EXERCISE AIM:
Skip the images. Copy the records exactly as written.

*** Begin section ***

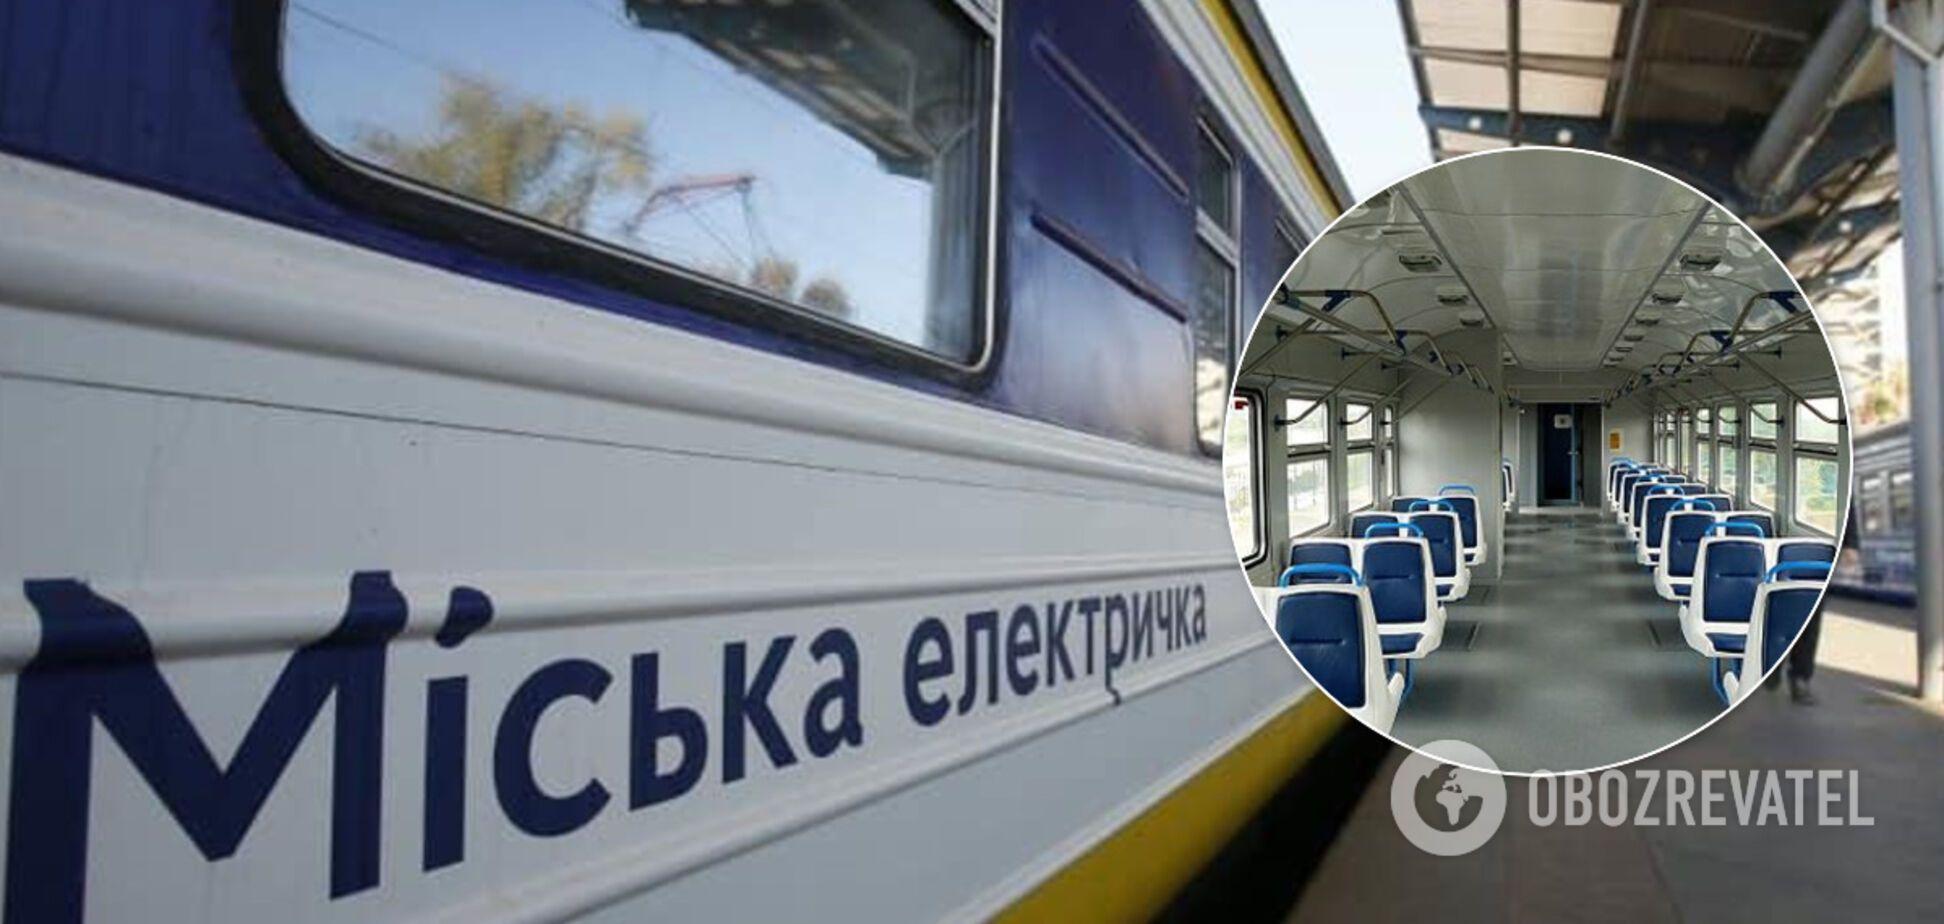 Городская электричка Киева
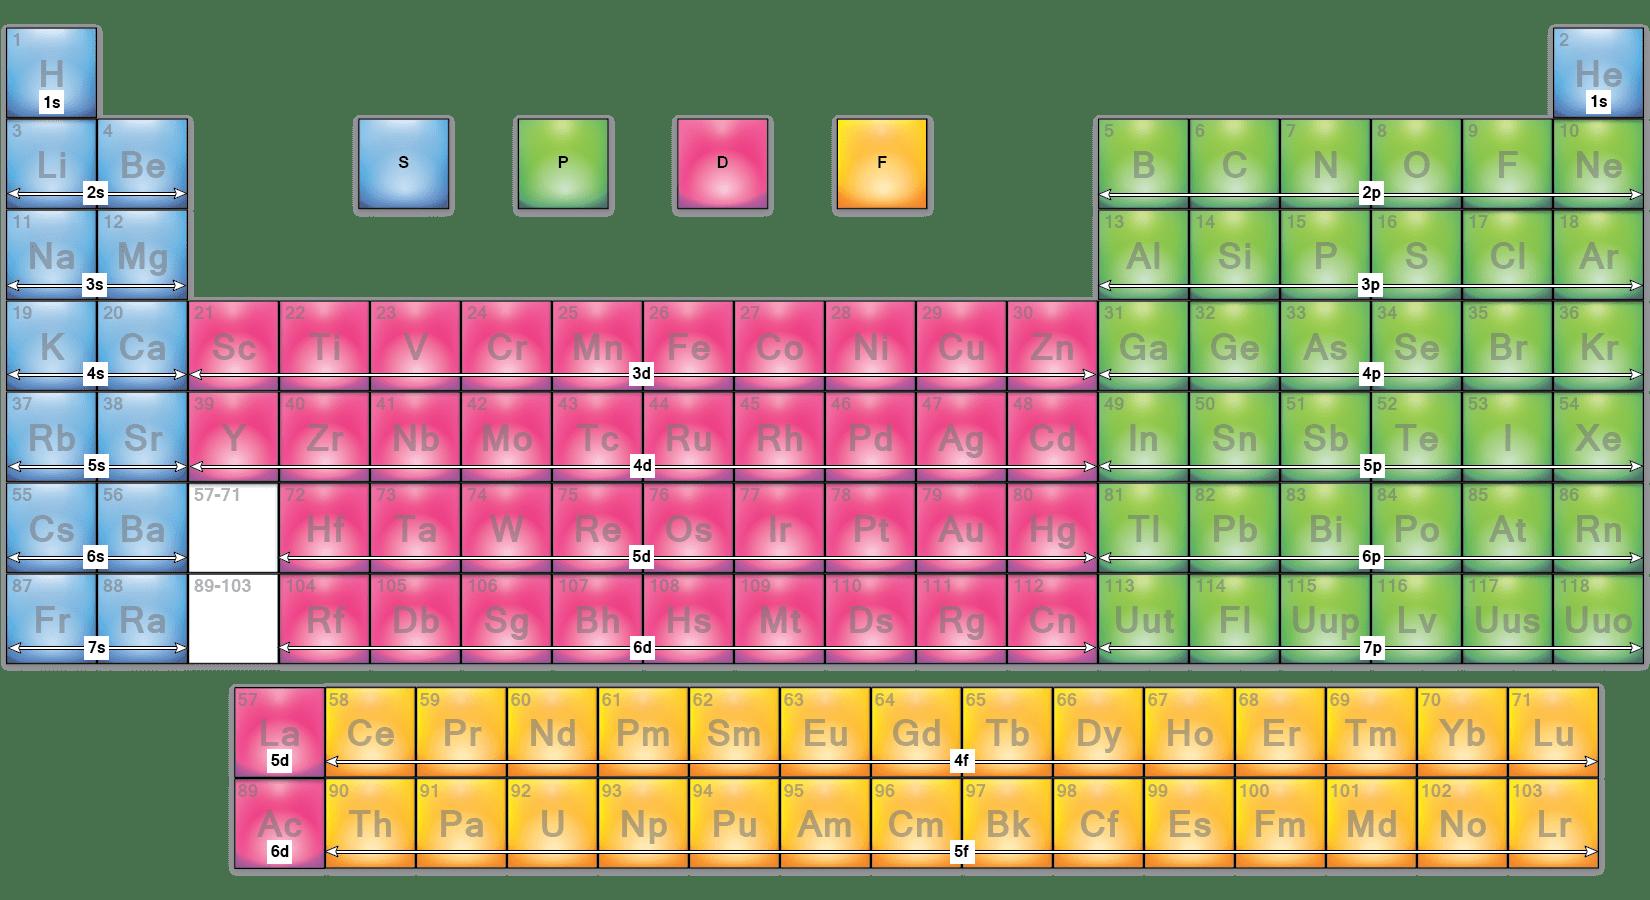 Periodic Table Orbitals Spd
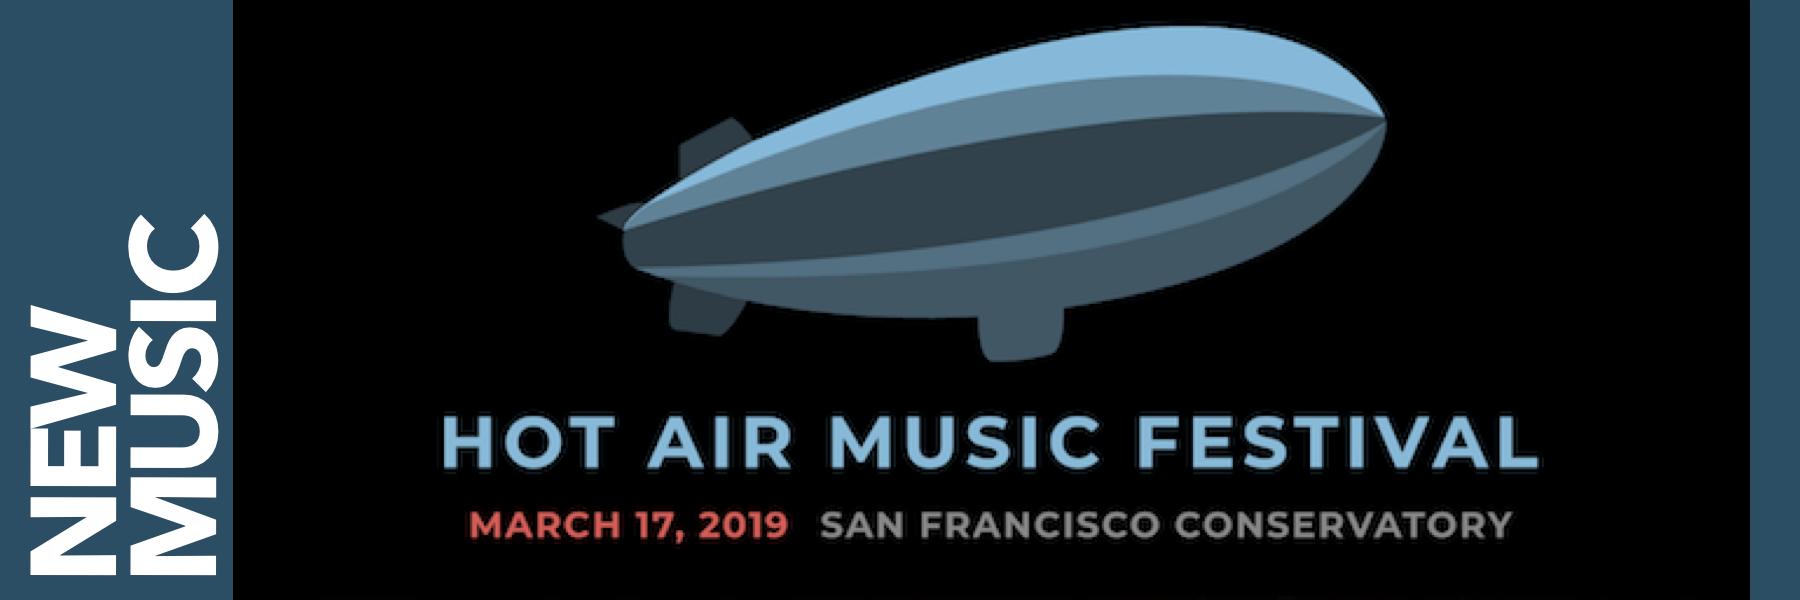 2019 Hot Air Festival.jpg
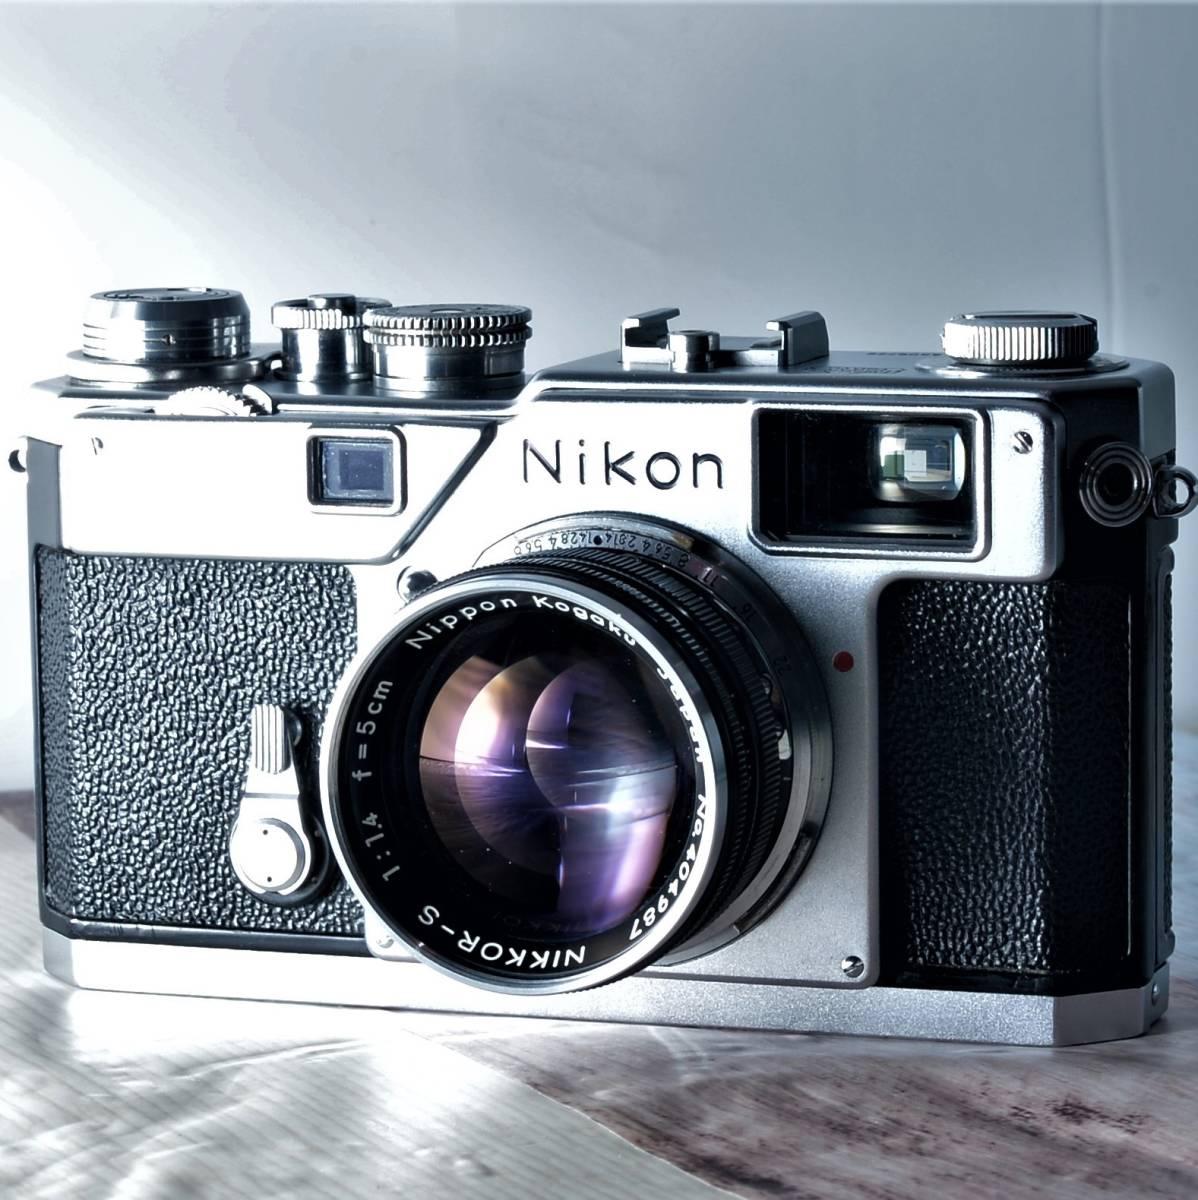 ★☆希少!完動美品! Nikon ニコン S3 隠れた名レンジファインダー!無駄を削ぎ落とした美しさ!満たされる所有欲!透き通った視界♪☆★
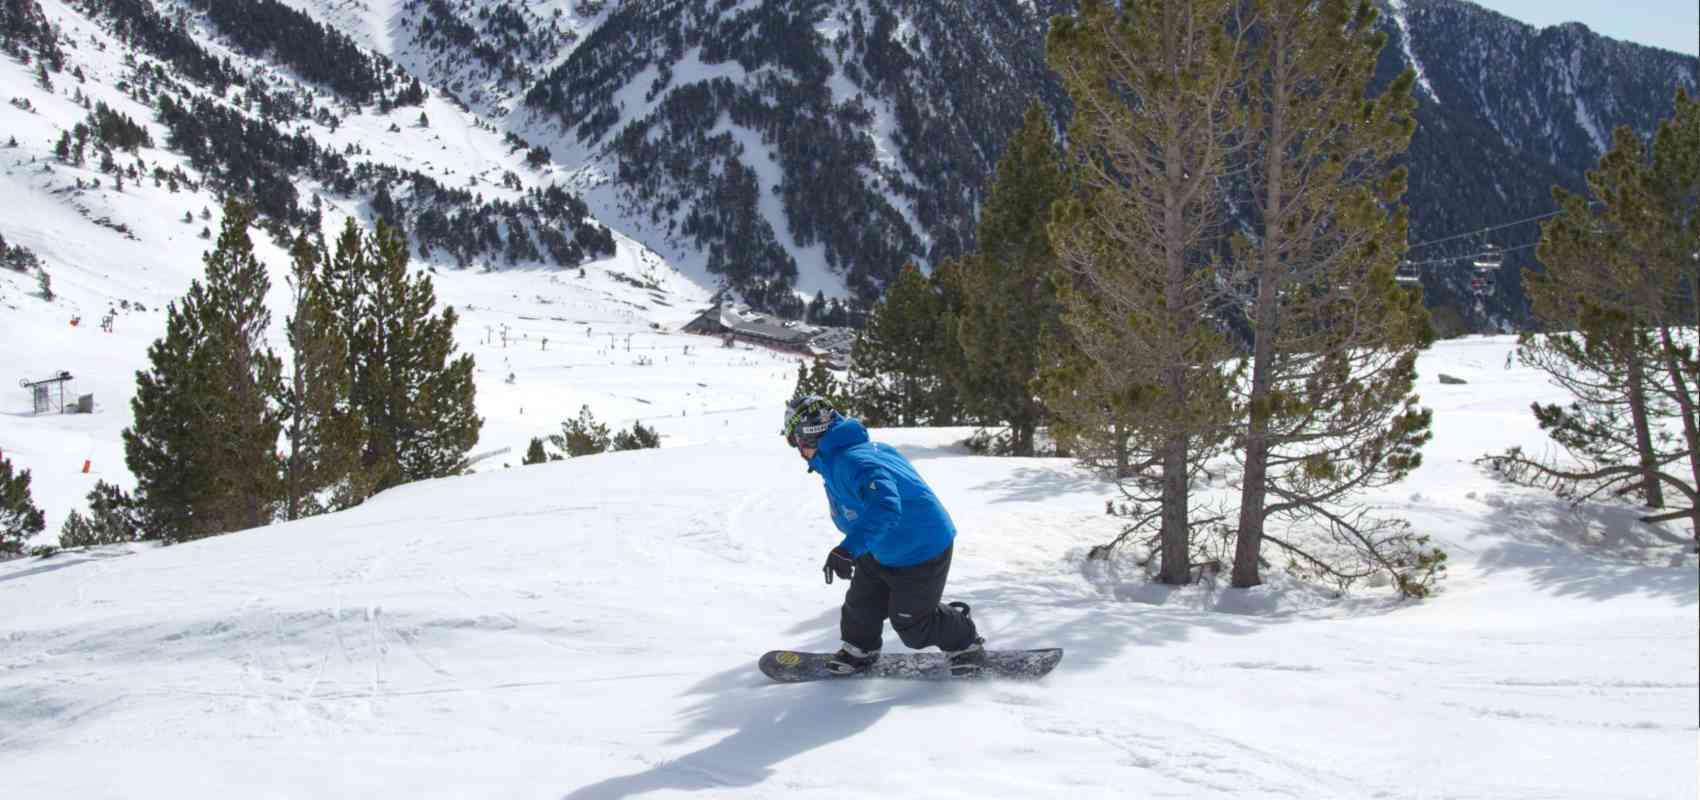 snow-vallter-1jpg

*** End section ***

SOLUTION:
 Городская электричка Киева
 Periodic Table Orbitals Spd
 2019 Hot Air Festival.jpg
 ★☆希少!完動美品! Nikon ニコン S3 隠れた名レンジファインダー!無駄を削ぎ落とした美しさ!満たされる所有欲!透き通った視界♪☆★
 snow-vallter-1jpg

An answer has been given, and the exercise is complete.